How came these Westminster singers to be covered with smoke from dry ice, roasted under stage lights, and amped to the max with microphones wedged around them?

"My wife and I attended their annual 'Readings and Carols' concert at Princeton University chapel one year, and I thought, 'This is a great show, we've got to take it on the road!,'" says Ed Kasses, head of Princeton Entertainment Organization, the tour's producer. Approached by the enthusiastic Kasses, who is a graduate of Rider University (though not the choir college), Westminster dean Robert Annis was taken aback.

"My first reaction was caution," says Annis, who is wandering in the arena's vast, empty cavern. "At the same time, we can't be naive. This is part of the music industry. I would love to think the world cares about Brahms' Requiem, and our primary mission is to ensure that it does. But if this were a show that PBS might eventually be interested in taping -- think of the audience we'd reach! It's about marketing. If I felt we were compromising the name of the school, we wouldn't do it."

What Kasses and his company have created is the aesthetic antithesis to the school's "Readings and Carols" (scheduled Friday and Saturday in Princeton), which is modeled on the high church, English choral service "Lessons & Carols" out of King's College.

One is about the human voice in natural acoustics, pageantry, choirs and bells. "A Royal Christmas" is pure entertainment. Every sound is mediated through a massive sound system, and it is a patchwork of showy performances by Bocelli (who sings sacred arias and carols -- sometimes with added Italian verses -- for the first time in the U.S.) and Graves (doing carols, not opera), excerpts from the ballet "The Nutcracker" with a United Nations cast of dancers, and choral holiday music.

"(My) fees as orchestra leader will certainly help -- times are tough right now for freelancers in London, and my wife and I are just buying a little flat in the country," says orchestra concertmaster John Bradbury.

The orchestra is actually two ensembles: the high-end Royal Philharmonic Orchestra, and freelancers from its "pops" ensemble, the Concert Orchestra.

"We know we're not playing Mahler, but we give it our best," Bradbury says. "You get stability from the regular orchestra members, and enthusiasm and focus from the freelance members, who all want to be invited back."

For the singers, the compensation is less an appeal. "I actually make less doing this than if I was home teaching voice and piano in Brooklyn these two weeks," says Westminster alum and soprano Wendy Butler, "but it's novel to be backing singers with voices that inspire."

Will highly trained classical performers benefit by adding a Bocelli tour to their résumé? Bocelli, who possesses a warm, large and naturally emotive voice, but doesn't have the technical command or nuance that extended opera performance demands, presents a perpetual dilemma: Pop critics avoid him because he's too highly trained; classical critics avoid him because he's not trained enough.
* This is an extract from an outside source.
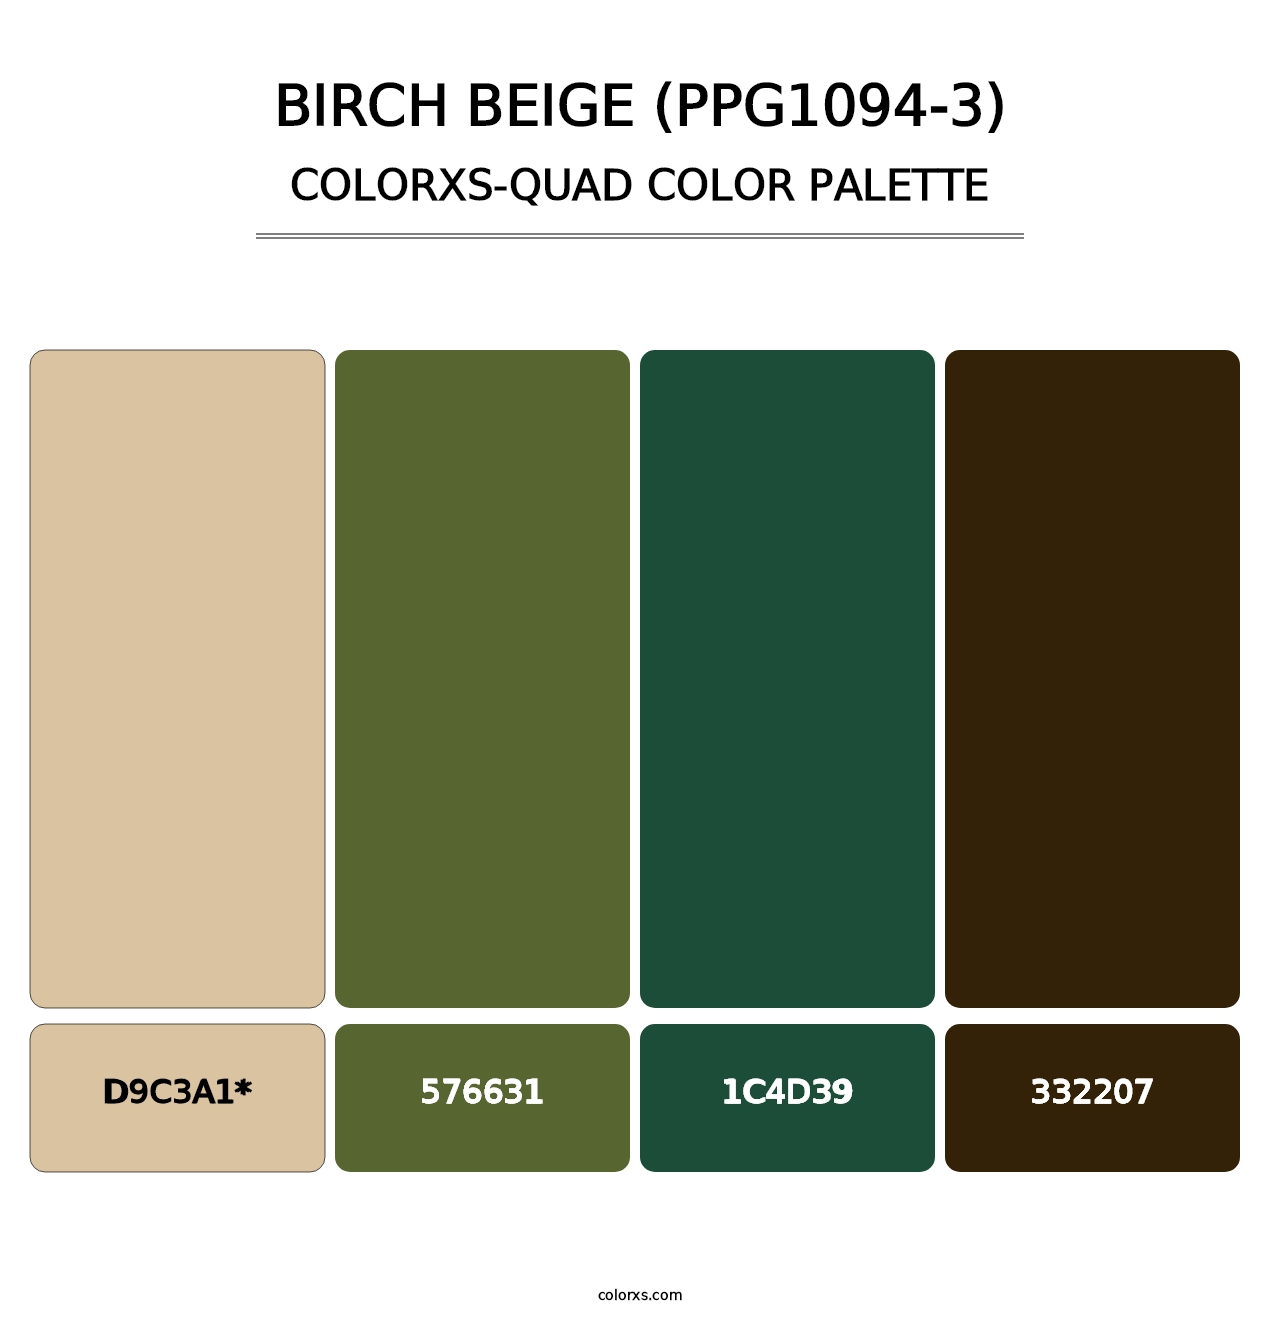 Birch Beige (PPG1094-3) - Colorxs Quad Palette
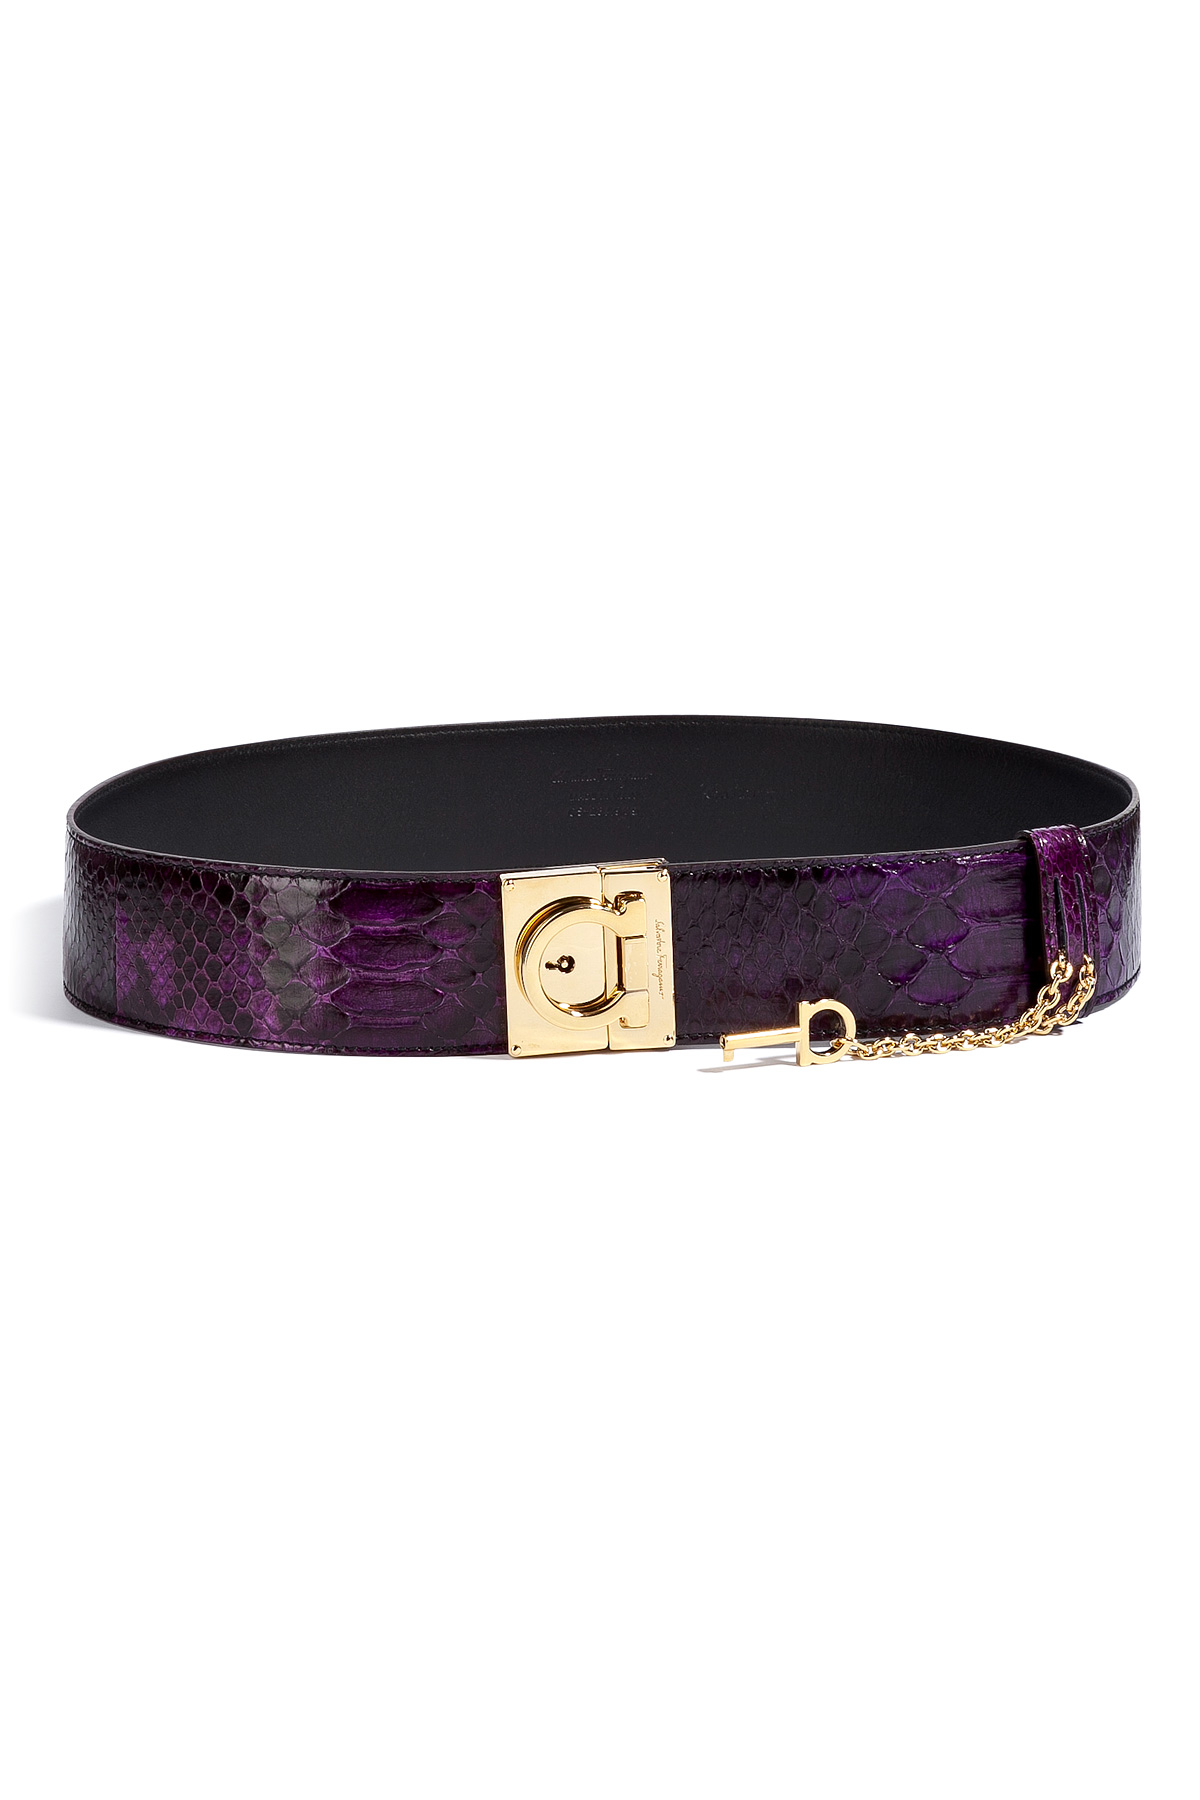 Ferragamo Purple Python Belt in Purple | Lyst

Even Bocelli's modesty and sincerity have not yet bridged the gap, though his fan base is huge.

"You notice certain, uh, pedagogical things about his singing, but the natural beauty of his voice is phenomenal," says Butler. All choristers were impressed, Thomas says, when Bocelli, delayed by flight troubles in Italy, arrived late for a dress rehearsal last week in Atlantic City.

He walked off the plane, onto the stage and, in jeans and without rehearsal or warm-up, sang three songs for an audience that had waited three hours for him," says Thomas. "I have great respect for him."